What is the main difference between CFT & BFT?
The key difference is in the assumptions and threat/failure model, CFT can withstand up to N/2 system failures, while no guarantees on adversary nodes. BFT provides with guarantees to withstand and correctly reach consensus in presence of N/3 failures of any kind including Byzantine. You can think of it as two phase commit versus three phase commit.
This is a more theoretical question than a practical one, but I was thinking on possible attacks in Hyperledger Fabric.
On a high level, orderers are the block makers, and the whole blockchain is eventually maintained by the peers. The consensus algorithm is executed among the orderers (which might tolerate up to a certain number of byzantine orderers if the consensus is byzantine fault tolerant).
But what happens if some peers are compromised?

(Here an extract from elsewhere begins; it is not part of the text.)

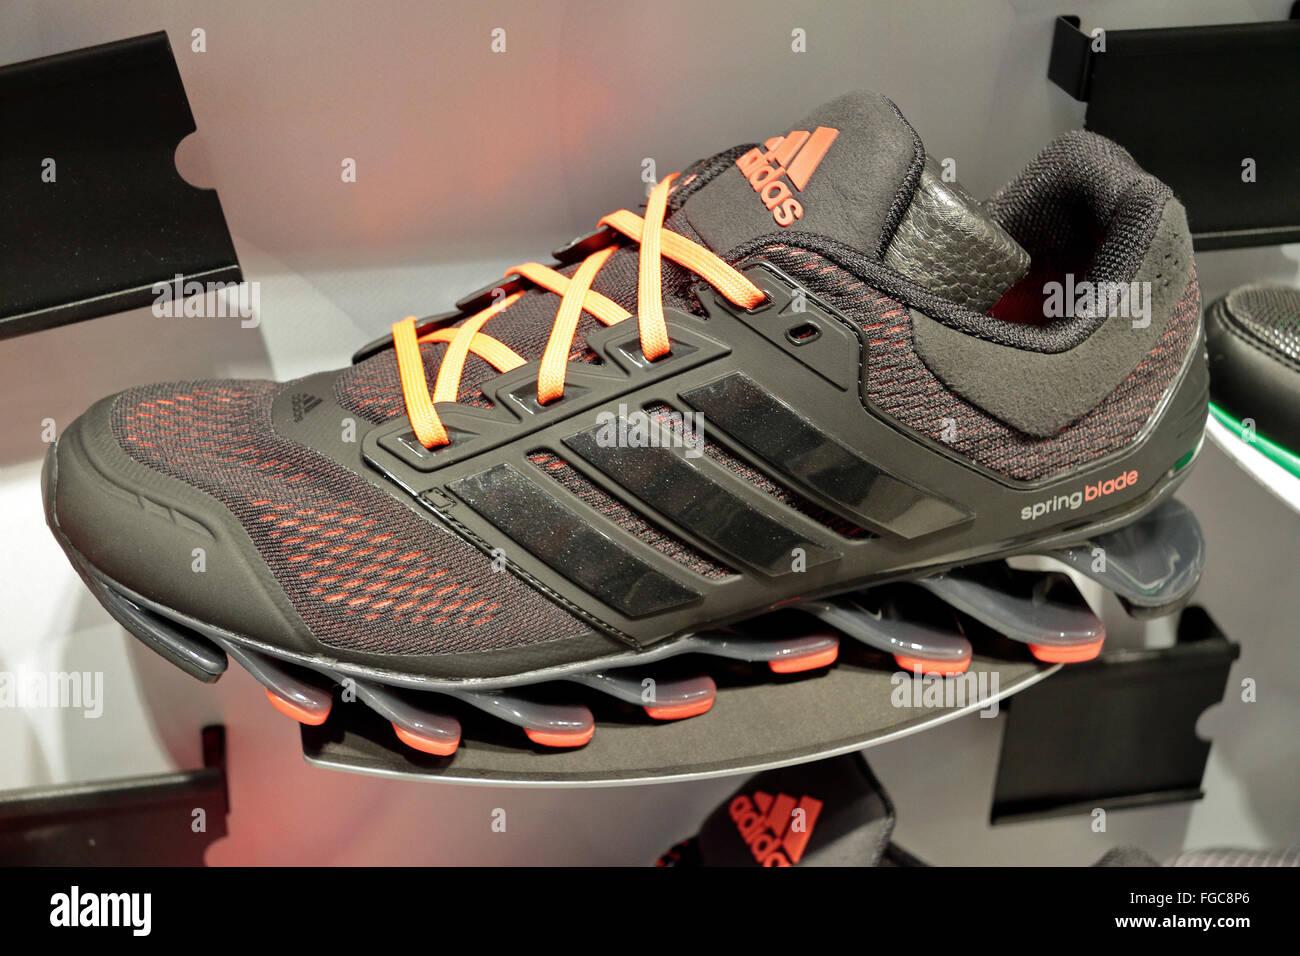 Une chaussure de course Adidas Springblade sur une étagère

What would happen if an attacker subverts more than half of the peers in the system? Could it result in a chain fork or reorganization?
It depends on your endorsement policy. For example, if you requires a AND (b OR C) for a certain type of transactions, where b and c are comprised, they can do no harm to a, as a would reject transactions that have not been signed by it. (obviously b and c may commit the transactions but they are malicious in this case and the behavior can be arbitrary)
Keep in mind that Fabric is a permissioned blockchain, and you need to define policies according to your business requirements.
It turns out that in fact all of the peers can be Byzantine (same for the clients as well).
This is precisely stated in the Hyperledger Fabric: A Distributed Operating System for Permissioned Blockchains paper, section 3.5 (Trust and Fault Model). The integrity of HLF relies solely on the orderers. This is because even if all peers collude and try to rewrite history in the blockchain, they won't be able to produce signed blocks (as the orderers are the only entities that can make blocks).
The best they can do is to try to delete blocks, but even with the presence of a single honest peer, that peer will show a "longer" history of blocks which will be the accepted one.
I want to know that how much transactions can be take place in one second over hyperledger fabric with Kafka protocol.
I'm creating a network, as such project size is not as much big but if my product will do millions of transactions per second around the globe and want to log those transactions over hyperledger fabric so could it be possible that fabric can manage them all?
If yes than how many nodes should i need to setup first and what should be the server specs to deploy the network.
And if this is not the good idea of using fabric than kindly let me know which blockchain should i use to log the immutable and consortium ledger.
As Hyperledger Fabric is a scalable platform, you may scale it to fit your needs. But as your project will do millions of transactions per second, you can apply more than just adding new nodes to increase TPS(Transactions Per Second). Like,
Using IPFS based chain storage to store bulky data off the chain and have the proof hash on the hyperledger fabric.
Indexing the CouchDB underneath for speed and scalability that suits your need.
Using high throughput network provided by Hyperledger Fabric itself
Increasing the number of endorser channels
Now, for the hardware requirements, there has been an experiment done at IBM with a single node of 4vCPU and 16GB memory with SSDs, the following data has been found-
Using 2 endorsers -> 785 TPS
Using 4 endorsers -> 948 TPS
Using 8 endorsers -> 1265 TPS
I am looking for information on how many peer nodes , ordering nodes and CA servers are required to handle 1 million transactions per minute. Which deployment strategy is helpful. Docker Swarm or Kubernetes - which one is ideal to use to provide scaling and extensibility.
The scaling of Hyperledger fabric depends on the chosen consensus method. The consensus methods that support Byzantine Fault Tolerance can handle transactions <1000 per seconds for <20 nodes. For more number of transactions or more number of nodes, other non-BFT consensus methods can be chosen. However, these other consensus methods cannot guarantee the correctness of transactions as guaranteed by the former.